The vet threw out the first needle, screwed on another, and told us we'd try the other leg. He clipped some hair from Keiko's left forelimb, applied the tournequit, and inserted the syringe. Again, she jumped, but a little more this time. Several times her instinct had been to bite at the hands that kept pressing the needle into her flesh, but too well trained, she would not. This time, though, she struggled and cried. She looked up at me for a moment with pleading eyes and my own welled up with tears. She looked at me a moment longer. One doesn't need the sort of animal intuition that dogs have to see that I didn't want to be putting her through this, but that this was something more than just a routine visit. The vet quickly gave up on the left leg, suggesting that she seemed to be especially defensive of it. I then remembered her fall, and realized that at her age, it was unlikely she had fallen down the stairs and come away without an injury.
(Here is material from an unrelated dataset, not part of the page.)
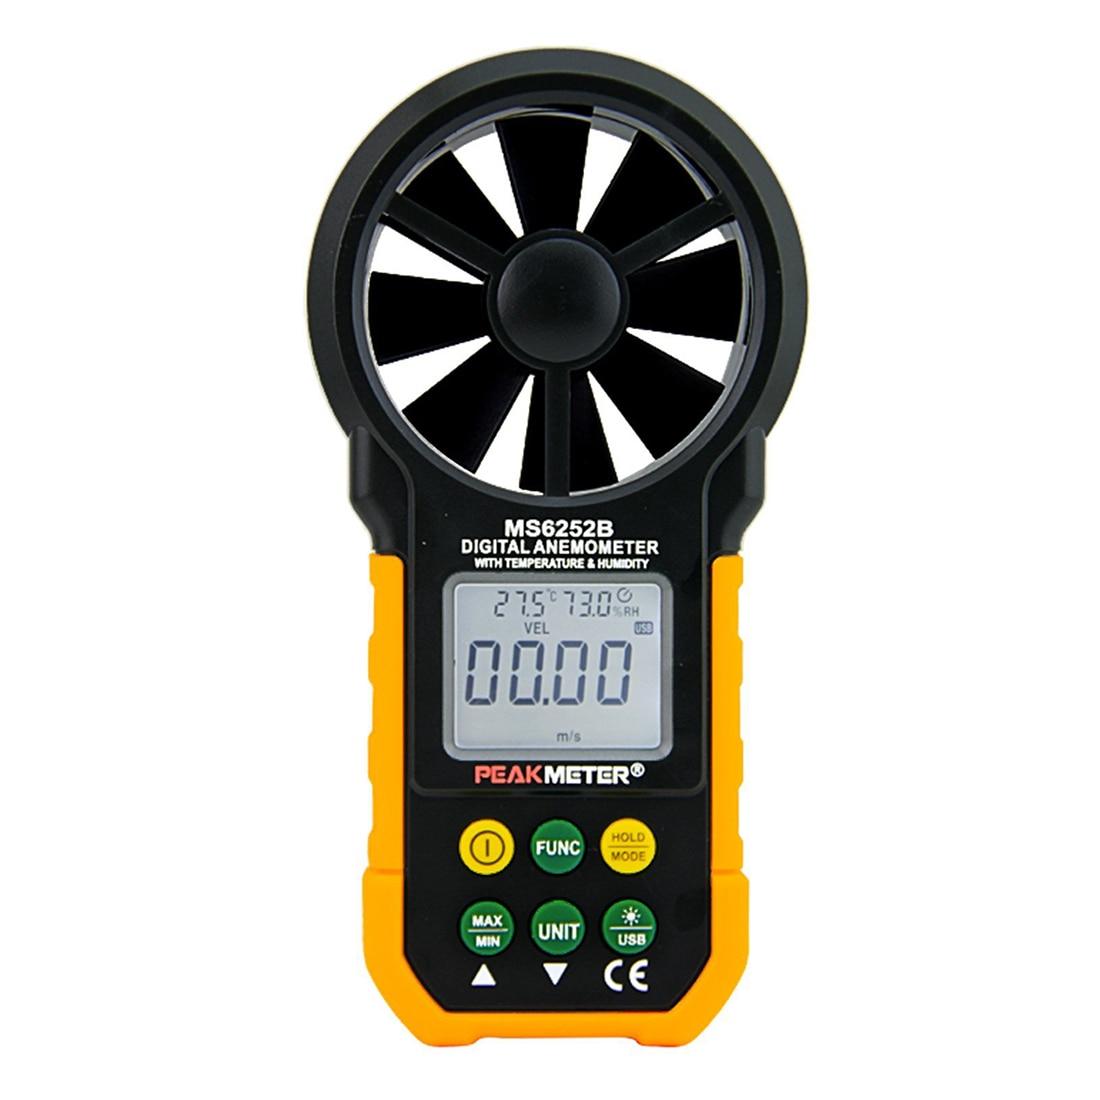 PEAKMETER MS6252B USB Digital Anemometer Air Flow Tester Meter peakmeter ms6252b digital anemometer air speed velocity air flow meter with air temperature humidity rh usb port
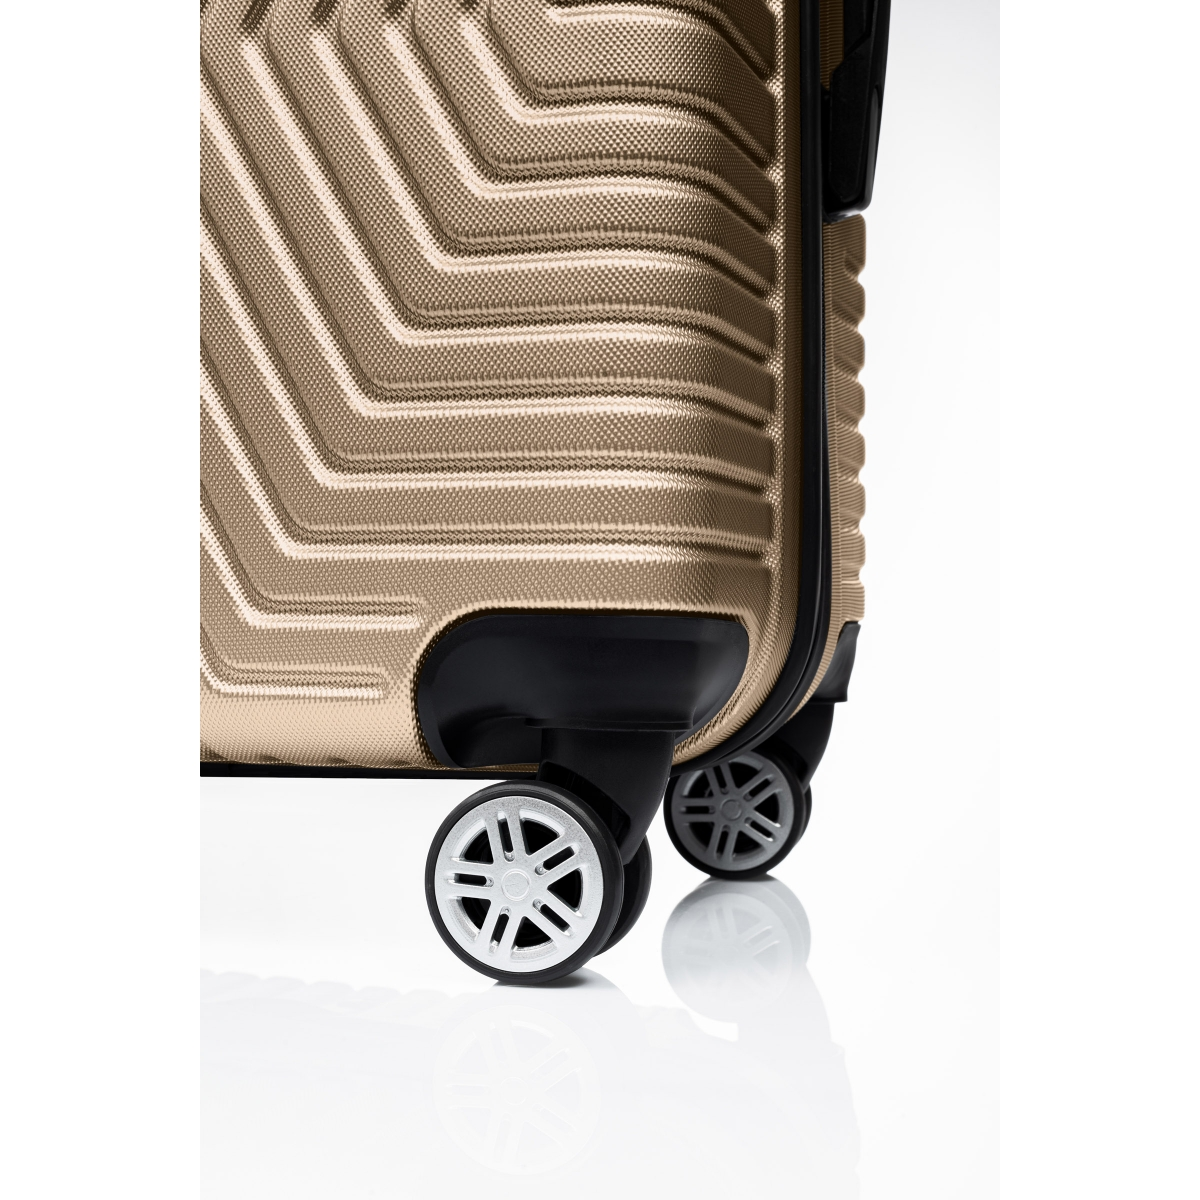 G&D Polo Suitcase ABS 3'lü Lüx Valiz Seyahat Seti - Model:600.06 Gold

He threw away the second syringe and screwed on a third. He applied the tourniquet and tried the right leg again, and this time got a little blood to draw into the syringe. He began to press down on the plunger and administer some of the blue liquid, but it was clear he hadn't quite hit the mark when Keiko began to struggle again at the discomfort of the pressure rather than lose consciousness. At this point, I was starting to feel sick with guilt. I wanted to scoop up my dog and walk out, so that this man would stop sticking my poor puppy with needles, but if I took her home now then it would all be for nothing and she'd still be suffering. Maybe next time she fell she'd really hurt herself. Still, though, my jaw was clenched tightly enough that I believe I might have bitten through steel. The vet apologized and left to get a new syringe of barbituate. From outside the room I could hear him frustratedly call to the techs for the drugs.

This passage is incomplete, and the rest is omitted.